» **The task**:
Without the pictures, repeat all of the data exactly as it appears below.

» **Source data**:
---*---
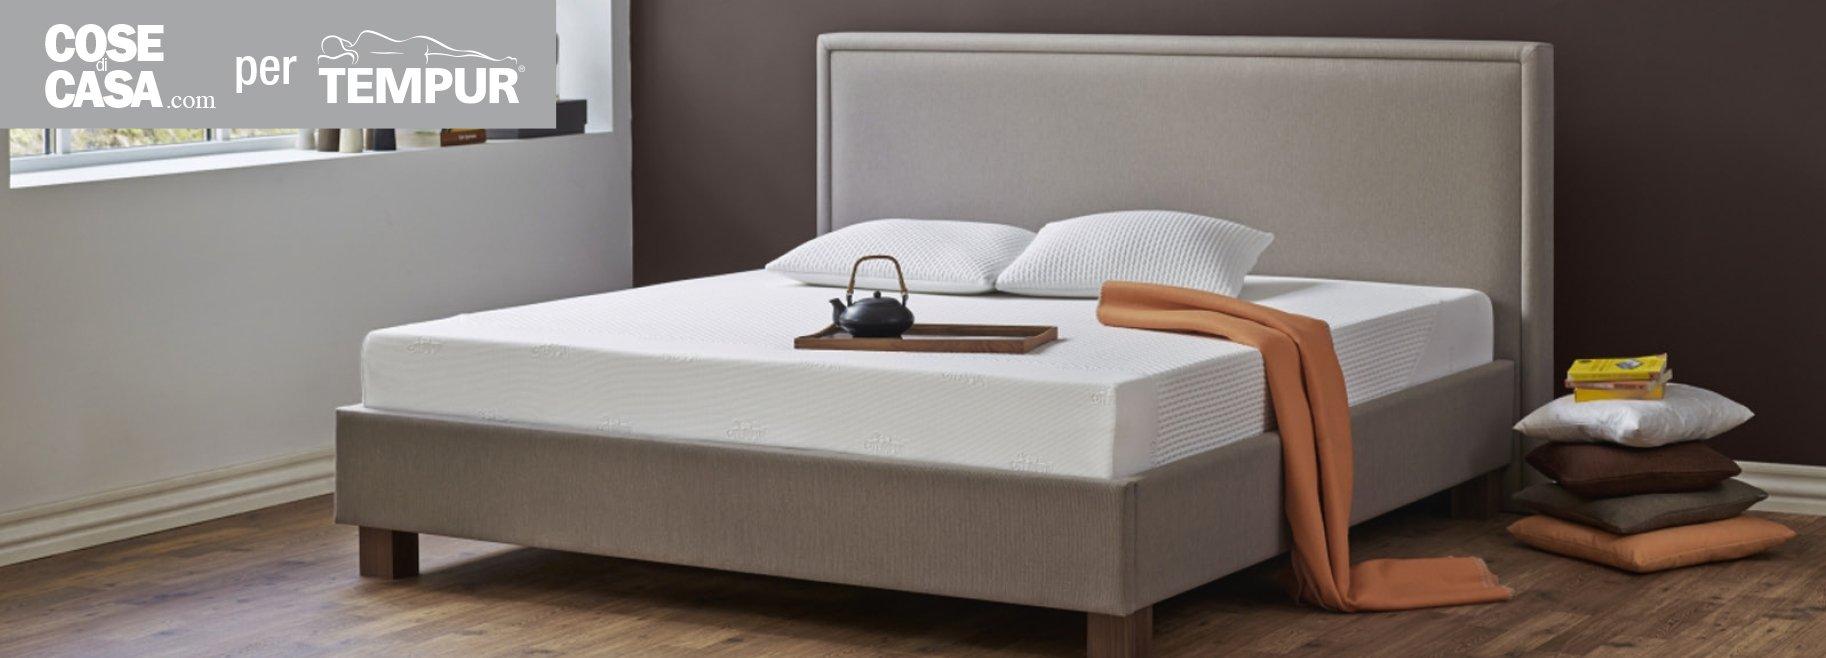 Posizione e orientamento del letto quanto conta per dormire meglio cose di casa - Divano letto comodo per dormire ...
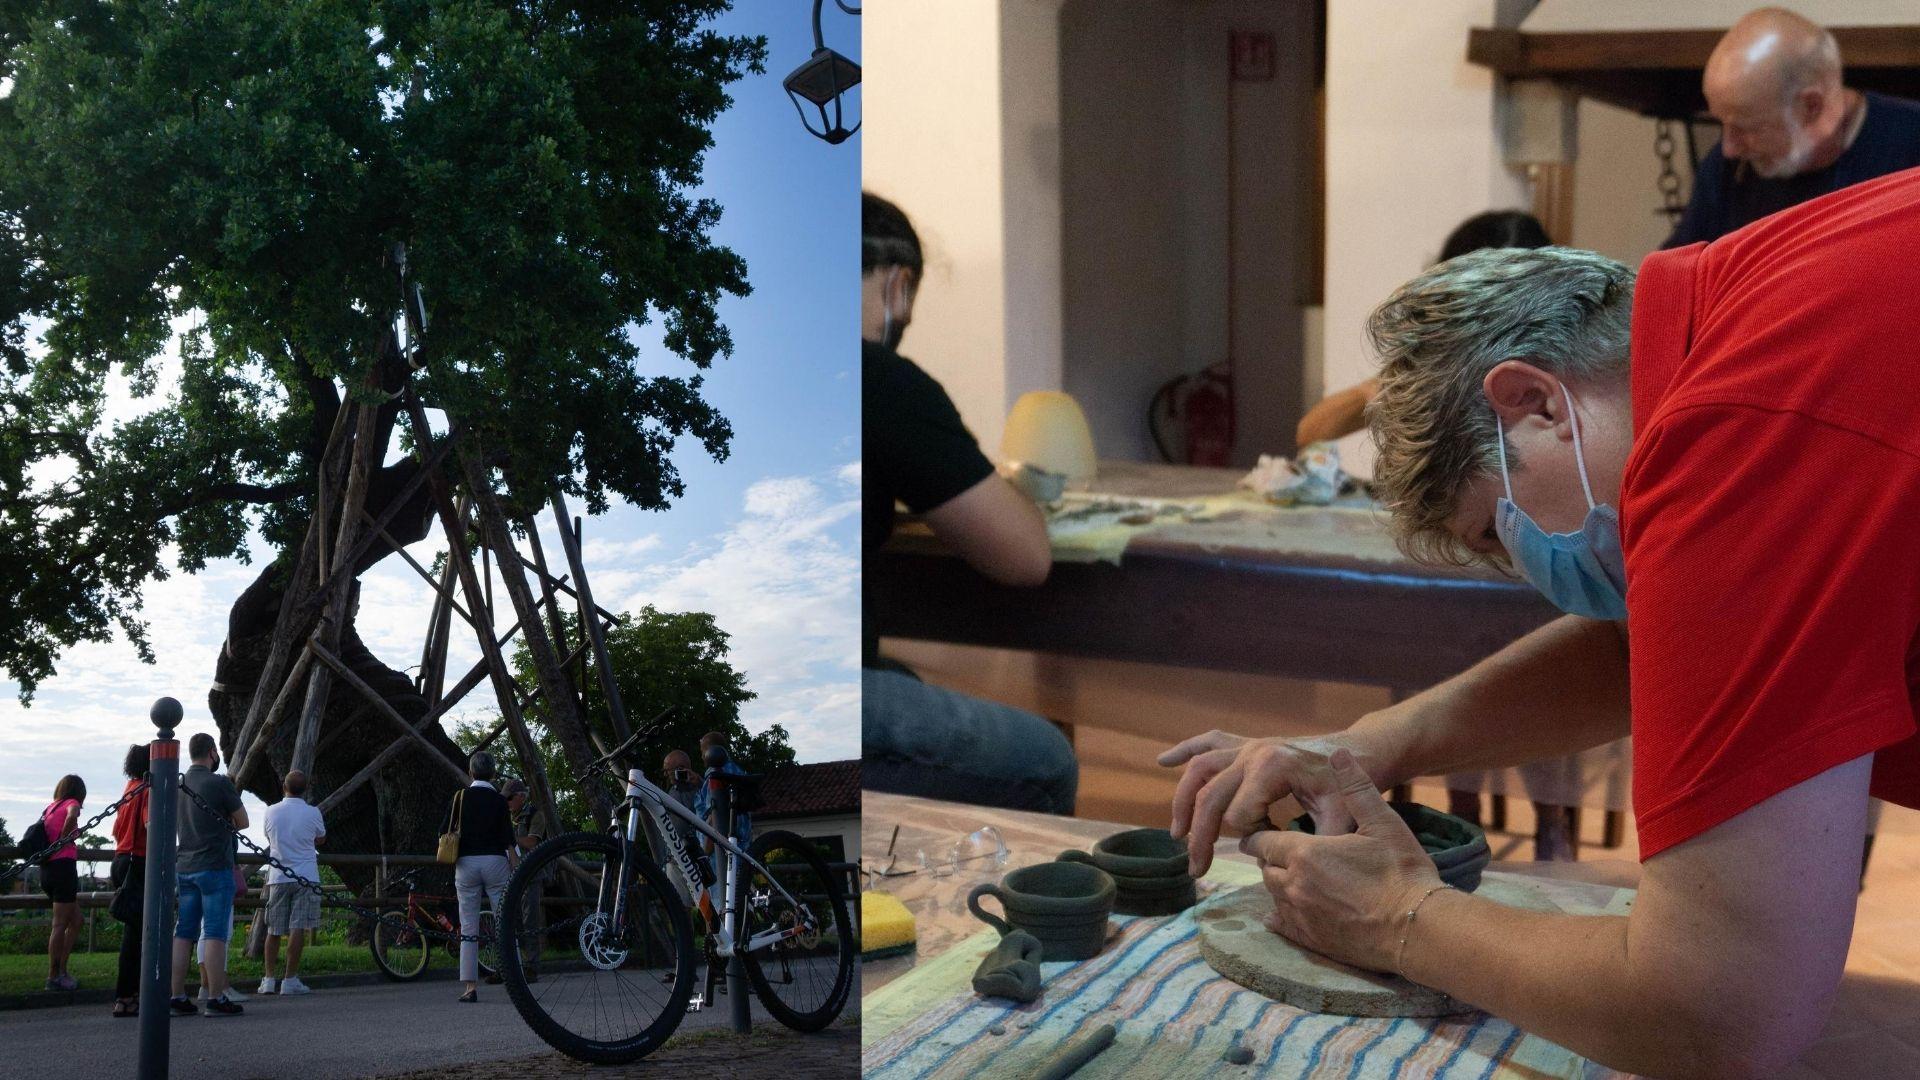 Pedalate guidate, corsi e fiere a Fossalta di Portogruaro
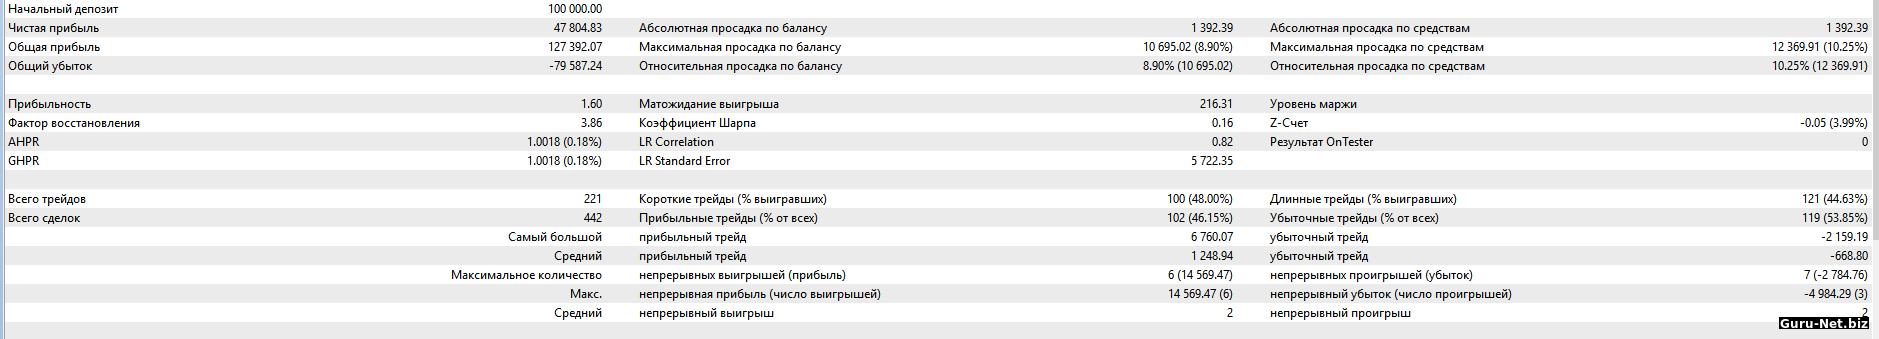 Статистика торговли робота PC без фильтра 2018 BR
---*---
» **Response area**:
 Posizione e orientamento del letto quanto conta per dormire meglio cose di casa - Divano letto comodo per dormire ...
 Pedalate guidate, corsi e fiere a Fossalta di Portogruaro
 Статистика торговли робота PC без фильтра 2018 BR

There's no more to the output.